## Data excerpt
|---|

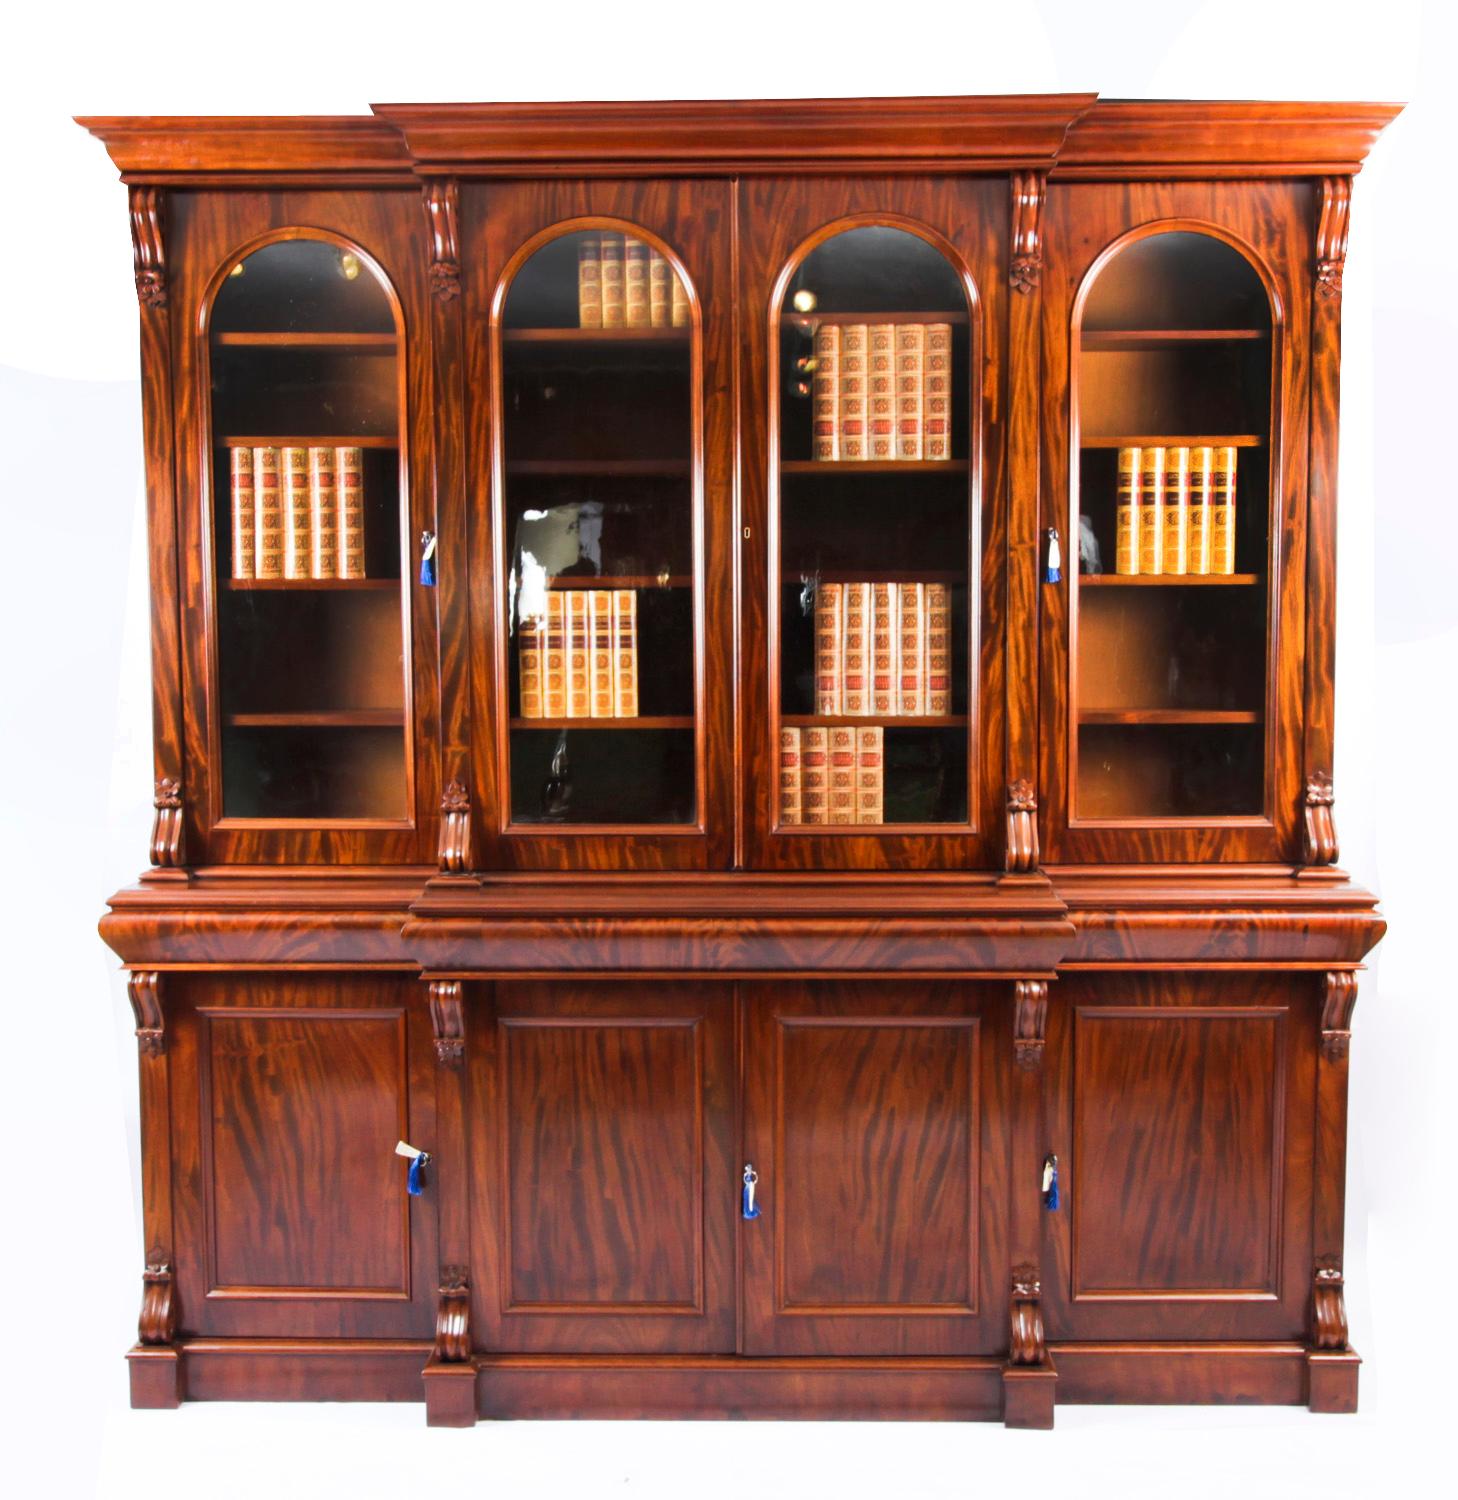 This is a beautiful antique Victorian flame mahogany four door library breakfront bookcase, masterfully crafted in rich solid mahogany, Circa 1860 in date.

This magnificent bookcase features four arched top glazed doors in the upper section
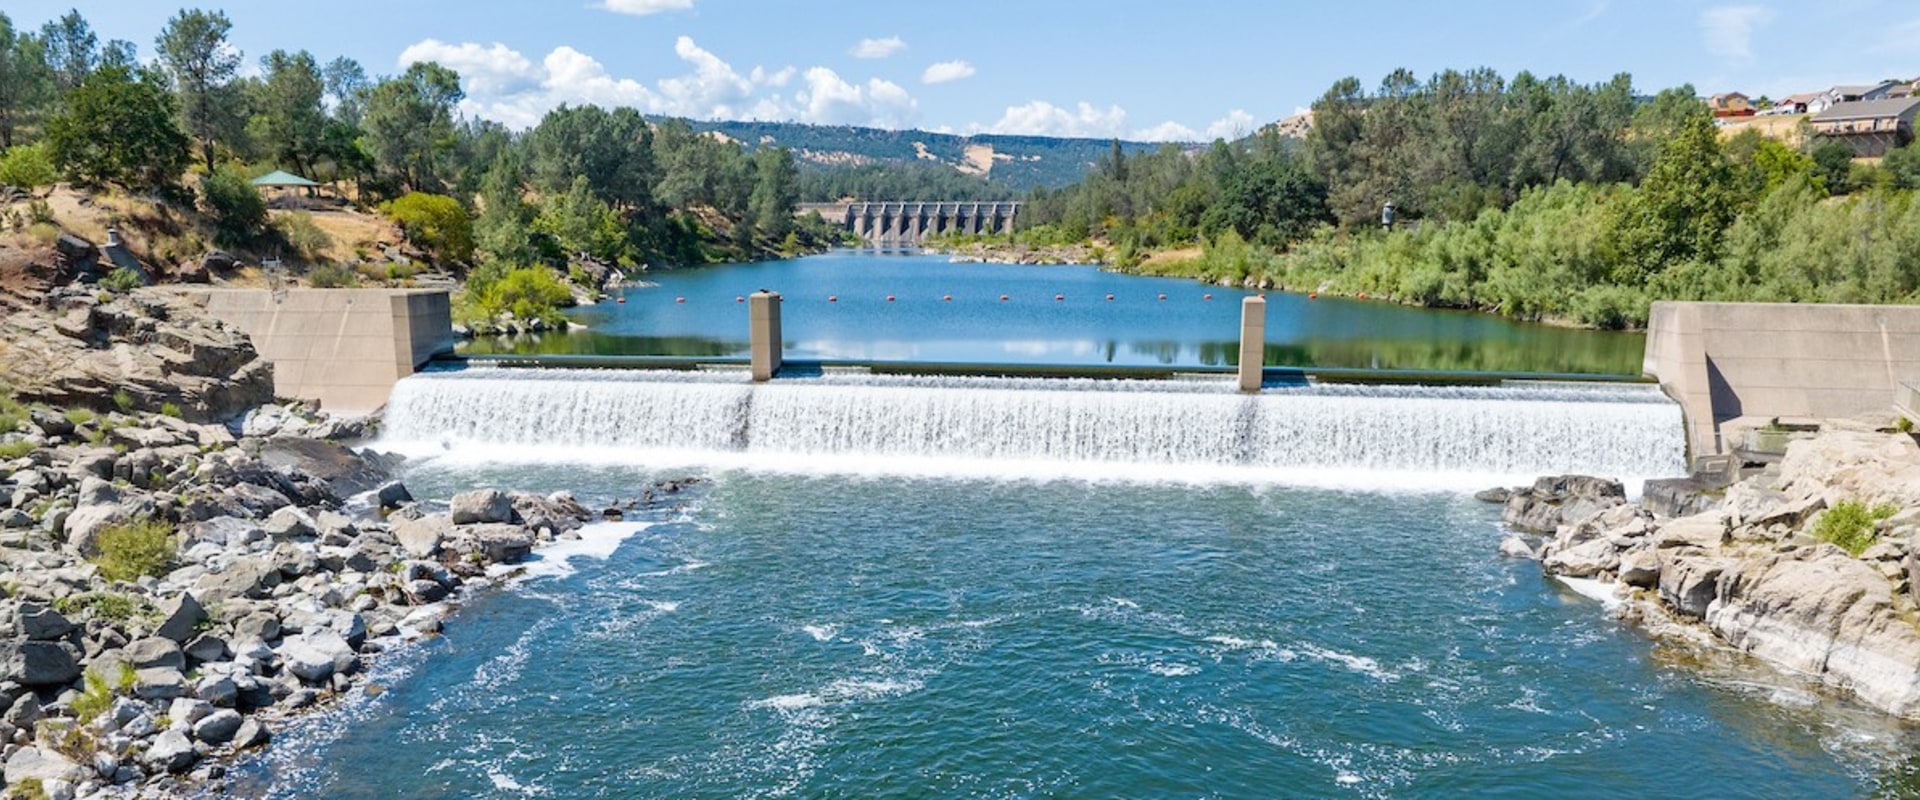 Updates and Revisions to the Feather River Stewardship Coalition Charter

|---|

## What to do
Write out the whole listing exactly. Do not include the pictures.

## Solution to the problem
 This is a beautiful antique Victorian flame mahogany four door library breakfront bookcase, masterfully crafted in rich solid mahogany, Circa 1860 in date.

This magnificent bookcase features four arched top glazed doors in the upper section
 Updates and Revisions to the Feather River Stewardship Coalition Charter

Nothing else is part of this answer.